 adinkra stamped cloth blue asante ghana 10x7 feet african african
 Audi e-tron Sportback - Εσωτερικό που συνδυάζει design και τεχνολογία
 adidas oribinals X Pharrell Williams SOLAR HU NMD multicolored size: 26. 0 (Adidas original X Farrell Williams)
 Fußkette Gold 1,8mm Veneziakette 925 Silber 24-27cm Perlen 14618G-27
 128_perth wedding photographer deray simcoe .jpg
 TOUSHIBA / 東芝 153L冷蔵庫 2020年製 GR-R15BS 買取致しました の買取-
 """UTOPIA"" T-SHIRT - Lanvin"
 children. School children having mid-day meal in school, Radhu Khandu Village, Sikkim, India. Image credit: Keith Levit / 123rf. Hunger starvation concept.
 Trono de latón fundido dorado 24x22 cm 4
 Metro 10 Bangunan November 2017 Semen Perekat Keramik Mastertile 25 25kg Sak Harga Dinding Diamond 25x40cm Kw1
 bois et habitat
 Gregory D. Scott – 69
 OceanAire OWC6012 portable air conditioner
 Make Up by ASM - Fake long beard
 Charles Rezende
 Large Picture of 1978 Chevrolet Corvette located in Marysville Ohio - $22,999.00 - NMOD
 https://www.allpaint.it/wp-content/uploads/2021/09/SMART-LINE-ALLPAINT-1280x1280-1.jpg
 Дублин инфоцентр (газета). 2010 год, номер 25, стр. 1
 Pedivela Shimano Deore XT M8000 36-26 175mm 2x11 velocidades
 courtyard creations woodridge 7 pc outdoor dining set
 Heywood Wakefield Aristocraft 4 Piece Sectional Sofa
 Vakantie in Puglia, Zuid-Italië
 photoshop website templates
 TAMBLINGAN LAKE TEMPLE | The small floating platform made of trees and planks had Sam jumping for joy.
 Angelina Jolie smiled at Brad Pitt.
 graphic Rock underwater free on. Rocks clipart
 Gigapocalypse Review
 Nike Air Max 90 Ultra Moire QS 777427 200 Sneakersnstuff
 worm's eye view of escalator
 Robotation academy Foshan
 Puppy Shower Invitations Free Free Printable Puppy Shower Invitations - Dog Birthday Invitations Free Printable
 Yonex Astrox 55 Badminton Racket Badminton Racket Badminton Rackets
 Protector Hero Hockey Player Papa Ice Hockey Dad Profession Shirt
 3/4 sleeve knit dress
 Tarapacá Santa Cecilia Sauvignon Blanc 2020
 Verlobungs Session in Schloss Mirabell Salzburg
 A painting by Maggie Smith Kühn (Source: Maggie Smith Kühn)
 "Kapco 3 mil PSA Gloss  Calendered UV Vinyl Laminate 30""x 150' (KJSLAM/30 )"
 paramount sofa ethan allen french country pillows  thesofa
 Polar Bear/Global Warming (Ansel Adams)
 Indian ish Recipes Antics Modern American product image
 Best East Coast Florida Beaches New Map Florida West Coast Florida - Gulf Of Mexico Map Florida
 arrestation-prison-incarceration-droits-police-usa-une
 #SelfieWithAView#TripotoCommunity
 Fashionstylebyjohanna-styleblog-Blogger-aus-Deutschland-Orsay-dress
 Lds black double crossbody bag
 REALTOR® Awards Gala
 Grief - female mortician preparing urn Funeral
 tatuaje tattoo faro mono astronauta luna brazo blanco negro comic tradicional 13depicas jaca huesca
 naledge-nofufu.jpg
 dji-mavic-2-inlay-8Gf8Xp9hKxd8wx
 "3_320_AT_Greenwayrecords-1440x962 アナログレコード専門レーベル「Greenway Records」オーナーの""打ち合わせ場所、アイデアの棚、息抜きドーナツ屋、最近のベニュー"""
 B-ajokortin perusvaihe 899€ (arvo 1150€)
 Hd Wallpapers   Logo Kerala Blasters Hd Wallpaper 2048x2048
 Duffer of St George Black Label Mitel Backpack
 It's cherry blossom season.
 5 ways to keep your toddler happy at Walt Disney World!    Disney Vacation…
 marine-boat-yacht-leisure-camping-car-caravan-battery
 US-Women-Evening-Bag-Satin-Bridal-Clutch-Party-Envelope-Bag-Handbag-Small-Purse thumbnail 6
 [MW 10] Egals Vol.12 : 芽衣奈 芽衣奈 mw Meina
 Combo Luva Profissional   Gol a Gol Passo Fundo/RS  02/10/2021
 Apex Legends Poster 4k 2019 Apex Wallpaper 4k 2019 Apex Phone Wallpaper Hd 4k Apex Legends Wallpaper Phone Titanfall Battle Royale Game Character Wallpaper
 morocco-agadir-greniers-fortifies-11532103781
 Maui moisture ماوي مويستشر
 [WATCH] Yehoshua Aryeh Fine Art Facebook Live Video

— Description of the task —
The entries above hold the needed span. Transcribe exactly the lines from the one with "128_perth wedding photographer" to the one with "Robotation academy Foshan", both included.

— Output of the task —
 128_perth wedding photographer deray simcoe .jpg
 TOUSHIBA / 東芝 153L冷蔵庫 2020年製 GR-R15BS 買取致しました の買取-
 """UTOPIA"" T-SHIRT - Lanvin"
 children. School children having mid-day meal in school, Radhu Khandu Village, Sikkim, India. Image credit: Keith Levit / 123rf. Hunger starvation concept.
 Trono de latón fundido dorado 24x22 cm 4
 Metro 10 Bangunan November 2017 Semen Perekat Keramik Mastertile 25 25kg Sak Harga Dinding Diamond 25x40cm Kw1
 bois et habitat
 Gregory D. Scott – 69
 OceanAire OWC6012 portable air conditioner
 Make Up by ASM - Fake long beard
 Charles Rezende
 Large Picture of 1978 Chevrolet Corvette located in Marysville Ohio - $22,999.00 - NMOD
 https://www.allpaint.it/wp-content/uploads/2021/09/SMART-LINE-ALLPAINT-1280x1280-1.jpg
 Дублин инфоцентр (газета). 2010 год, номер 25, стр. 1
 Pedivela Shimano Deore XT M8000 36-26 175mm 2x11 velocidades
 courtyard creations woodridge 7 pc outdoor dining set
 Heywood Wakefield Aristocraft 4 Piece Sectional Sofa
 Vakantie in Puglia, Zuid-Italië
 photoshop website templates
 TAMBLINGAN LAKE TEMPLE | The small floating platform made of trees and planks had Sam jumping for joy.
 Angelina Jolie smiled at Brad Pitt.
 graphic Rock underwater free on. Rocks clipart
 Gigapocalypse Review
 Nike Air Max 90 Ultra Moire QS 777427 200 Sneakersnstuff
 worm's eye view of escalator
 Robotation academy Foshan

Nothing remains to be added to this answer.